Error openvpn site to site not ping

gst.freitas

follows the server screen .. site A

screencapture-187-76-45-2-8090-vpn_openvpn_server-php-1429466307262.jpg

divsys

At minimum, you should specify the Site B subnet in the Site A "IPv4 Remote Network/s" box.

You need to let the server know it will be routing traffic for 192.168.2.0/24 through the OpenVPN conx.

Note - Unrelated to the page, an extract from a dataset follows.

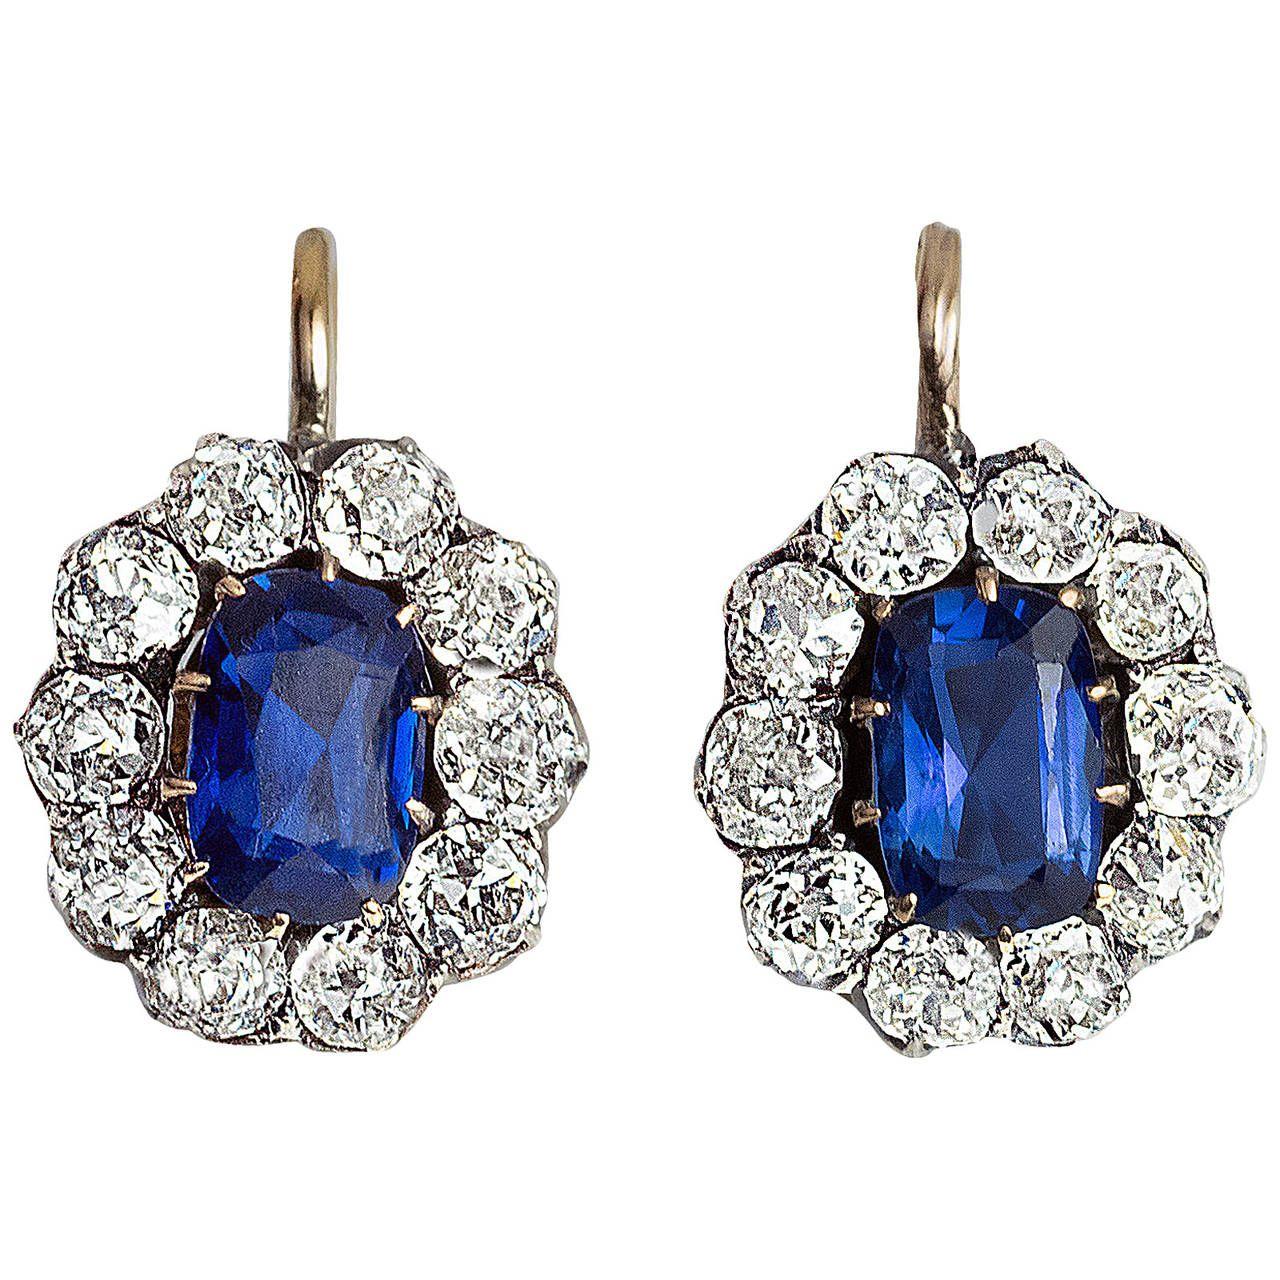 Antique Russian Sapphire Diamond Gold Cluster Earrings Antique Diamond Earrings Blue Diamond Earrings Sapphire And Diamond Earrings

Post the Site B Client screen as well to make sure nothing else is missing.

gst.freitas

Site B Client screen

screencapture-192-168-2-1-8080-vpn_openvpn_client-php-1429467946952.png

Derelict

As has been said, you have no remote networks specified at either end. That's how pfSense knows what traffic to route over the tunnel.

gst.freitas

Apr 19 16:10:49	openvpn[78509]: Closing TUN/TAP interface
Apr 19 16:10:49	openvpn[78509]: /usr/local/sbin/ovpn-linkdown ovpnc2 1500 1558 192.168.181.6 192.168.181.5 init
Apr 19 16:10:51	openvpn[78509]: ROUTE_GATEWAY 200.XXX.90.XXX
Apr 19 16:10:51	openvpn[78509]: TUN/TAP device ovpnc2 exists previously, keep at program end
Apr 19 16:10:51	openvpn[78509]: TUN/TAP device /dev/tun2 opened
Apr 19 16:10:51	openvpn[78509]: do_ifconfig, tt->ipv6=0, tt->did_ifconfig_ipv6_setup=0
Apr 19 16:10:51	openvpn[78509]: /sbin/ifconfig ovpnc2 192.168.181.10 192.168.181.9 mtu 1500 netmask 255.255.255.255 up
Apr 19 16:10:51	openvpn[78509]: /usr/local/sbin/ovpn-linkup ovpnc2 1500 1558 192.168.181.10 192.168.181.9 init
Apr 19 16:10:51	openvpn[78509]: /sbin/route add -net 192.168.10.0 192.168.181.9 255.255.255.0
Apr 19 16:10:51	openvpn[78509]: /sbin/route add -net 192.168.10.0 192.168.181.9 255.255.255.0
Apr 19 16:10:51	openvpn[78509]: ERROR: FreeBSD route add command failed: external program exited with error status: 1
Apr 19 16:10:51	openvpn[78509]: /sbin/route add -net 192.168.181.1 192.168.181.9 255.255.255.255
Apr 19 16:10:51	openvpn[78509]: Initialization Sequence Completed

Derelict

You need 192.168.2.0/24 in the remote networks on the server. I believe you also need to put the 192.168.181.0/24 tunnel network in the client side.

gst.freitas

was placed and not solved .. I will do with pfSense 2.1.5 for testing

Derelict

Are you certain the remote hosts will respond to pings from foreign networks? This is often the firewalls on the destination hosts. What version are you using? There have been few problems with OpenVPN on 2.2, 2.2.1, and 2.2.2. No reason to change versions. All you have to do is configure it correctly.

gst.freitas

pfsense 2.2.2

gst.freitas

placed in the test environment (XenServer) two pfSense 2.1.5 doing via vpn openvpn. and it worked, same configuration. Will install version 2.2.2.

phil.davis

I have plenty of OpenVPN site-to-site links on 2.2.2 and they work fine just like they did in 2.1.5 - put the right subnets in Tunel, Local and Remote Network/s boxes on server and client, make sure the firewall rules on LAN and OpenVPN at both ends allow the relevant traffic - that is all there is to it.
When I setup a new office it takes only a couple of minutes to bring up OpenVPN site-to-site links back to our main offices, it really does work.